Cryo-EM Research Is Changing the Way We Look at Neurodegenerative Diseases

The protein tau plays a critical role in the assembly and structure of neuronal microtubules. Improper folding of tau causes abnormal accumulation of tau into highly structured filaments, which agglomerate into microscopically visible “tangles.” More than 20 neurological diseases – including Alzheimer’s disease – are characterized by this disfunction in tau and are collectively called tauopathies. Most of these disorders have been linked to mutations in the tau gene.

While tauopathies can easily be identified post-mortem by the presence of tangles in brain cells, current structural biology research seeks to understand the formation of individual filaments at the molecular level. The ultimate goal is to understand how misfolded tau assembles into filaments. This may lead to the development of effective therapies that disrupt this process and the associated disease. Cryo-electron microscopy (cryo-EM) has emerged as a critical tool in the structural analysis of tau filaments, as techniques such as single particle analysis can reveal atomic-resolution details of the aggregation process. Cryo-EM has already been used to solve structures of ex vivo brain samples for several tauopathies, including Alzheimer's disease, progressive supranuclear palsy, chronic traumatic encephalopathy, Pick’s disease and cortico-basal degeneration.

Understanding the structure of tau protein filaments

In the rapidly growing area of structure-based drug design, development of targeted therapeutics inherently relies on the quality and the resolution of the structural information. Tauopathies are no exception. Ultimately, an effective treatment will likely require a clear understanding of initial protein misfolding down to the formation of the filamentous tangles. Notably, it has been found that filaments from the different tauopathies are characterized by distinct tau folds, also known as conformers, which can be used to classify the different tauopathies. By understanding how tauopathies are related, researchers can deconvolute the specifics of disease progression. A better understanding of how these different filaments assemble may eventually lead to the development of specific, mechanism-based treatments.

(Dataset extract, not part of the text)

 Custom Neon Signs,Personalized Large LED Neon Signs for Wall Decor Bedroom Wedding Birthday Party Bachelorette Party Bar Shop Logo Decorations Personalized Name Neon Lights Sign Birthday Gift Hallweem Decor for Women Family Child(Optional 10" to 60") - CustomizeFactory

Leveraging cryo-EM to advance tauopathy research

The study of the underlying mechanisms of tau aggregation requires inspection of the assembly process in a controlled environment. As these observations cannot be practically made in vivo, recombinantly expressed protein fragments are often used for in vitro model systems of protein aggregation. Assembling and characterizing tau filaments that reflect in vivo structures is critical towards understanding filament formation. Cryo-EM is well-suited for the study of these transient structures, as samples are vitrified at time intervals during the assembly once the desired level of assembly has been reached, essentially providing  “snapshots of the assembly process” that can be examined for the duration of the experiment.

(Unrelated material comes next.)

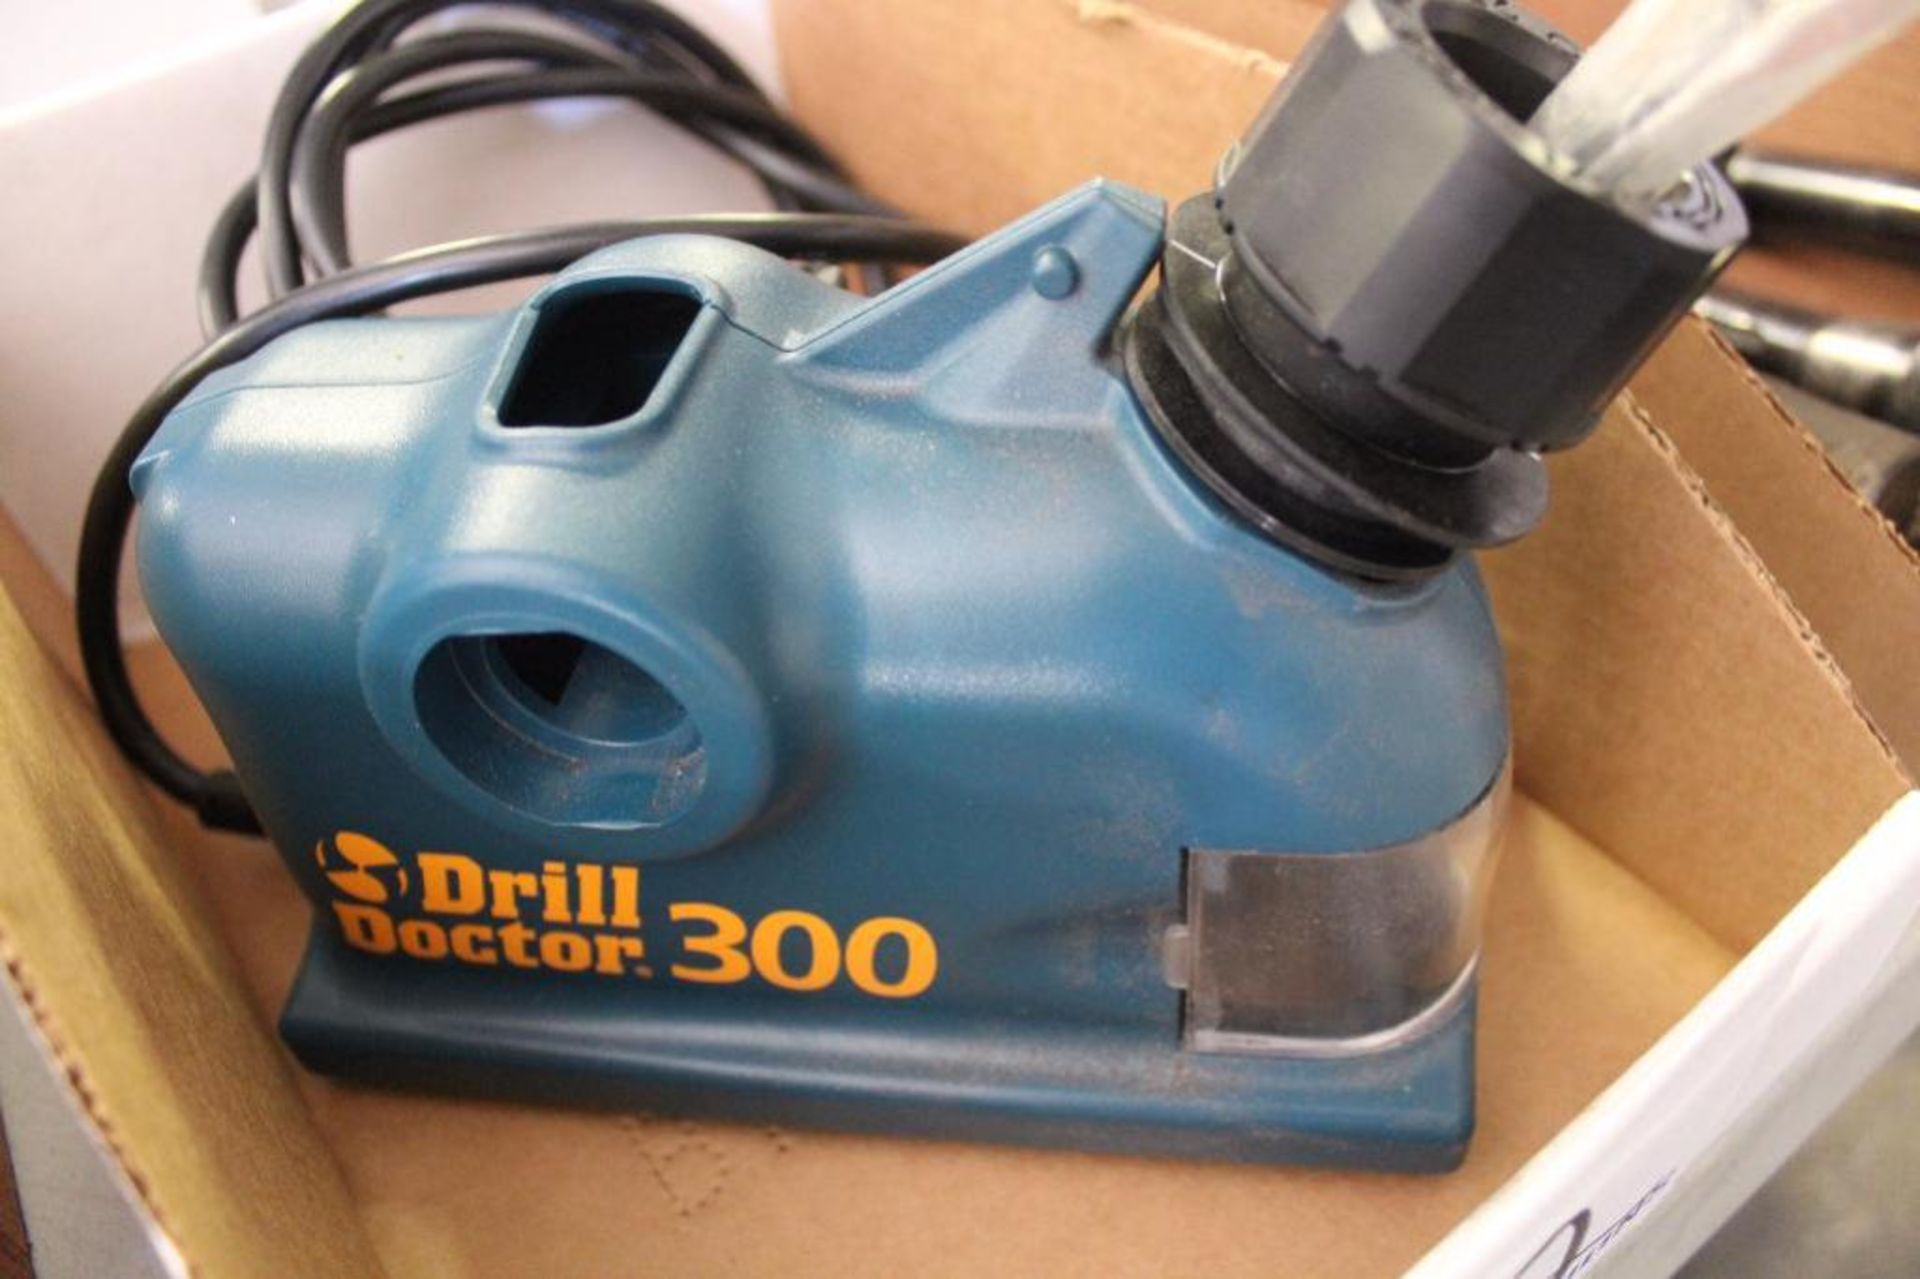 Drill Doctor 300 drill sharpener - Image 2 of 2

Until recently, researchers have been unable to replicate the exact tau structures found in vivo, as buffer conditions in vitro often fail to mimic the cellular environment, and fragments do not always follow the same aggregation pathways as the full-length protein. This results not only in different protein-protein interactions, but even proto-filaments with the same components but with significantly different structures (ultrastructural polymorphs). Molecular-scale classification is often needed to differentiate between these aggregates, but this can be time consuming, and many techniques require that the sample contains only a single structure. With cryo-EM single particle analysis, multiple polymorphs can be distinguished not just between different samples, but even within the same solution, as structurally similar classes can be grouped during data processing.

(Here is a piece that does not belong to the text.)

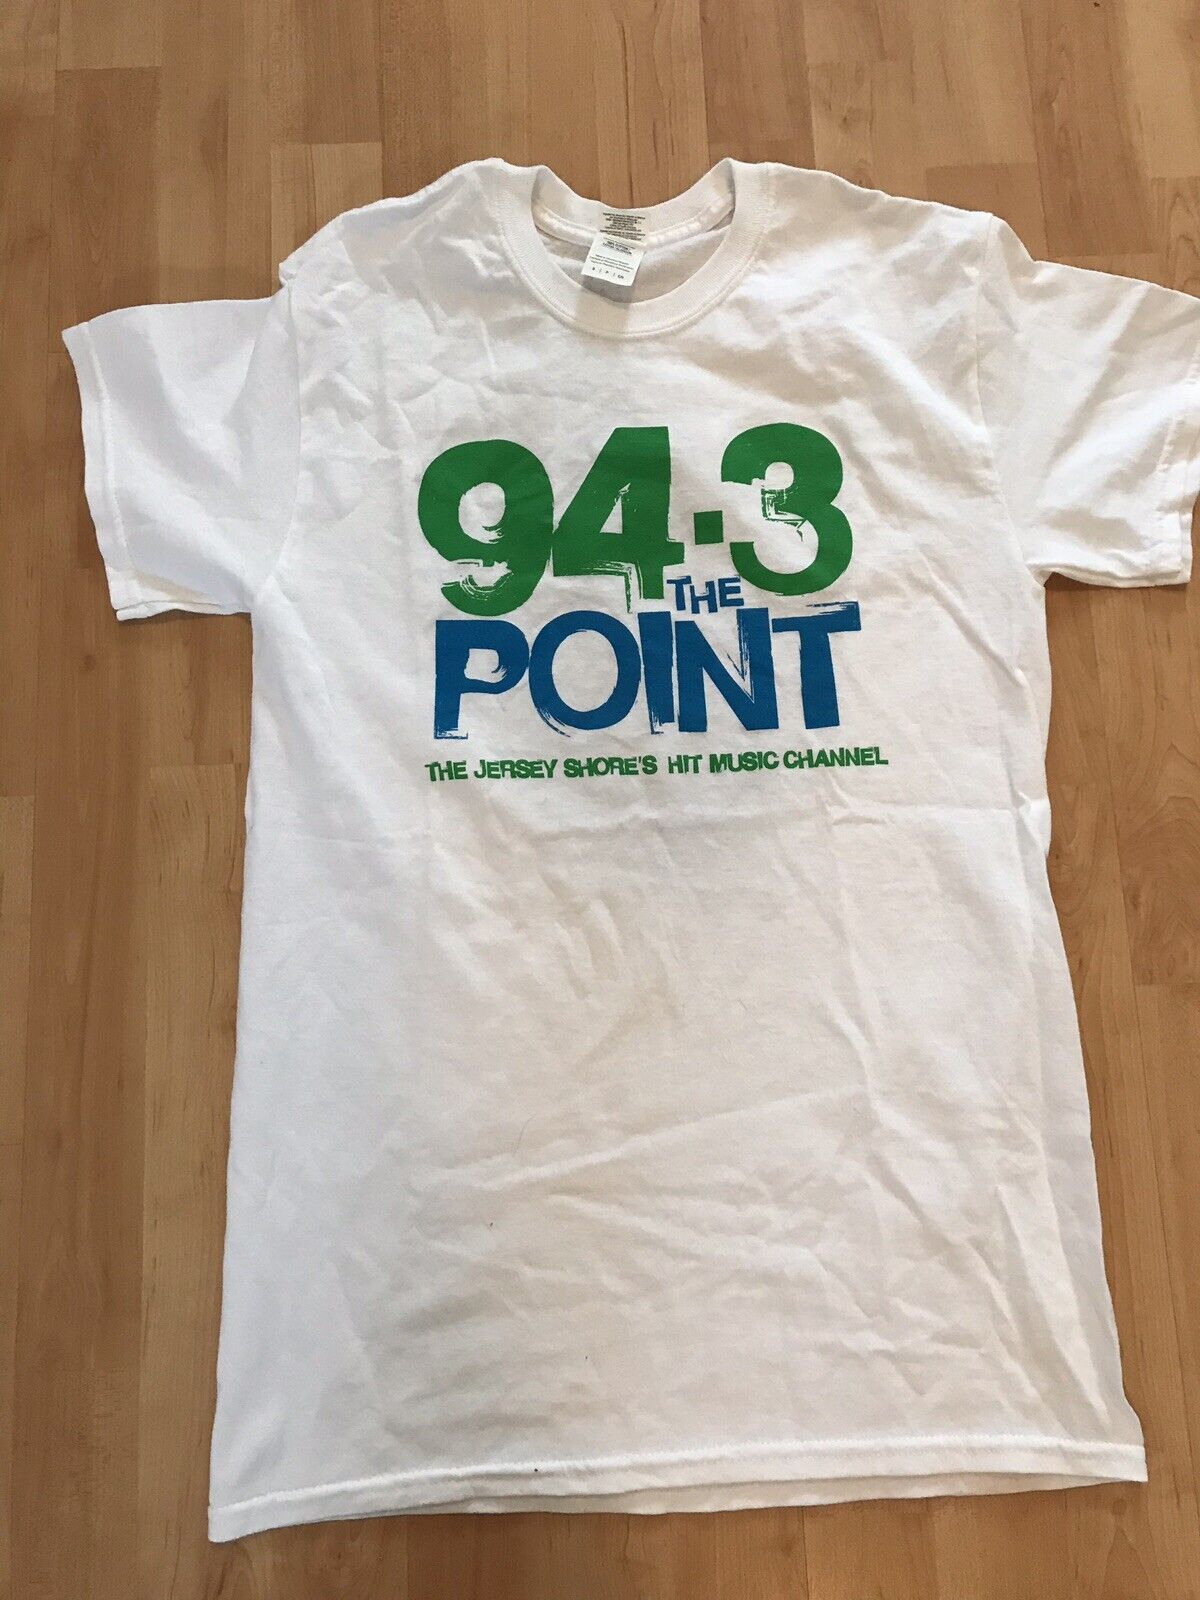 94.3 The Point Radio Tshirt Size Small
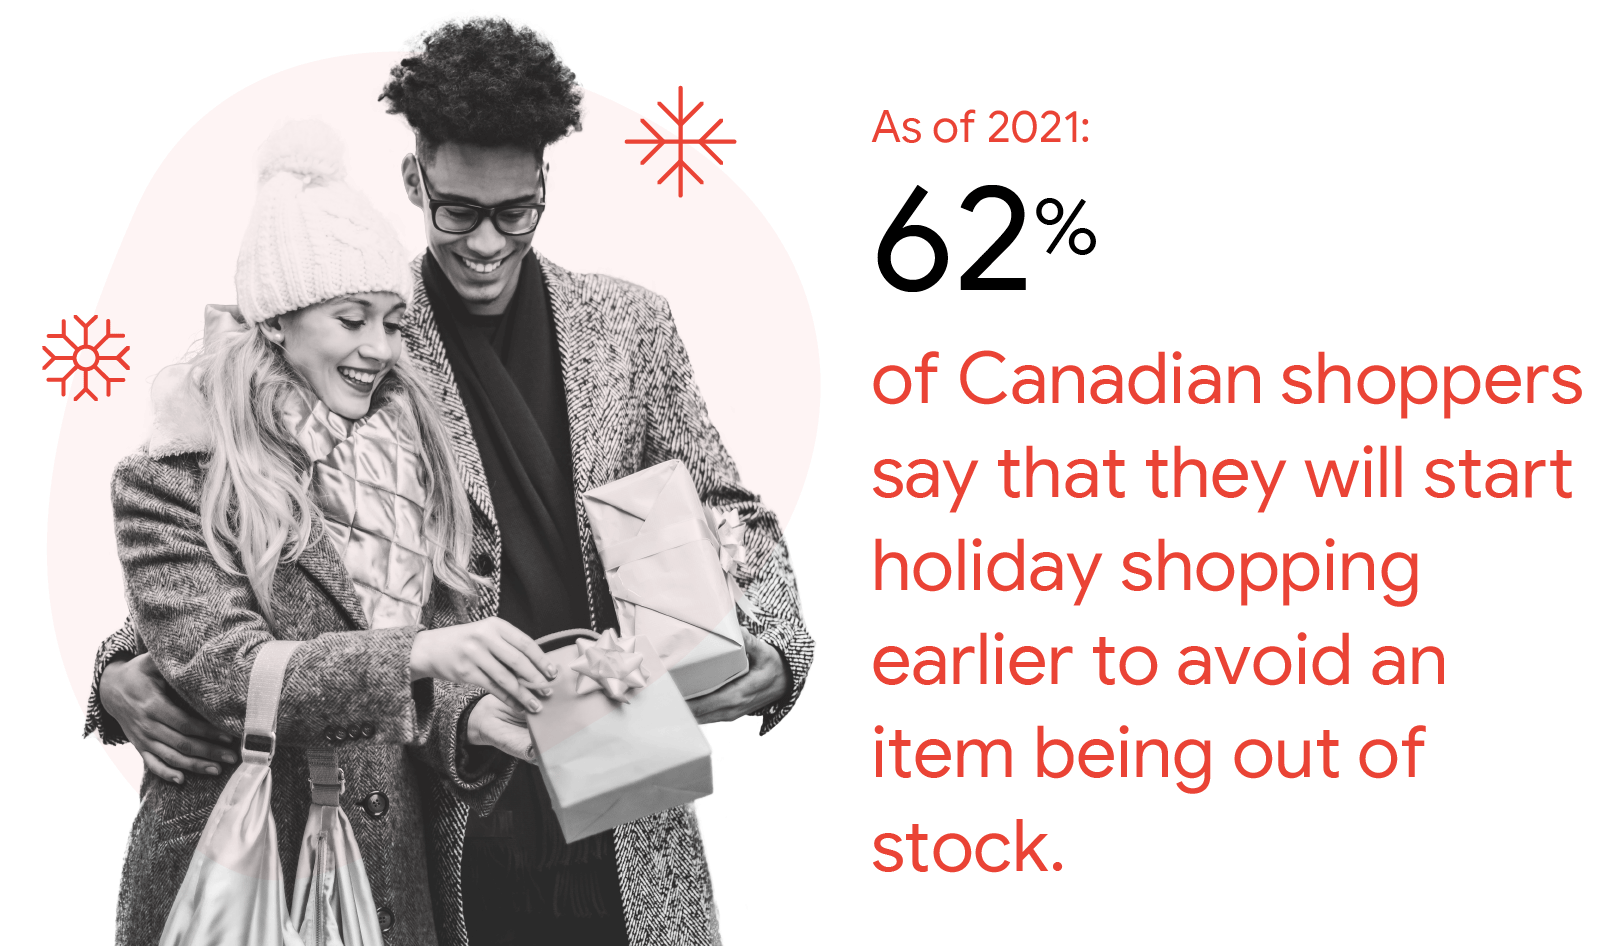 At left, a man and woman exchange gifts. 62% of Canadian shoppers say that they will start holiday shopping earlier to avoid an item being out of stock.

Figure 1: XY central slices of tau filaments show a single layer of the tau protein in the filament. A filament consists of thousands of layers stacked upon each other. Image courtesy of Sofia Lövestam, MRC Laboratory of Molecular Biology, Cambridge, UK.

Until recently, researchers have been unable to replicate tau filament structures like those found in vivo. In a recent eLife publication, researchers used a high-throughput cryo-EM workflow to test a broad range of conditions for in vitro tau aggregation. They determined 76 tau filament structures, including several that reflected the in vivo conformations of tau found in disease. 27 of these structures were novel, broadening our fundamental understanding of tau’s structural versatility in forming amyloids.

During their survey of sample preparation conditions, the authors noted that tau aggregation was highly dependent on cations present in the solution. While magnesium and calcium cations caused the formation of the paired helical filaments found in Alzheimer’s disease, sodium caused tau folds that matched those seen in chronic traumatic encephalopathy. This highlights the critical role of environmental conditions in the assembly conditions, which affect the final structure of the tau filaments 

Notably, this kind of high-throughput structural characterization is only possible thanks to novel advances in cryo-EM technology and workflows. Initial screening was conducted at lower resolution with rapid, software-guided characterization that quickly identified optimal areas of the vitrified samples for further imaging on a higher-resolution instrument. The subsequent data analysis was also greatly accelerated by software automation that performed much of the image processing without manual input from the researchers.

The future of tauopathy treatment

Despite our increasing understanding of tauopathies, there are still no approved treatments that stop the progression of these diseases. The studies above highlight the dramatic effects that the cellular environment can play in the aggregation propensity and structure of tau and other amyloid-like proteins. There is a pressing need for structural information, not just in vitro, but ideally also within the cellular context, to guide the development of targeted treatments that are tailored to halt specific protein interactions.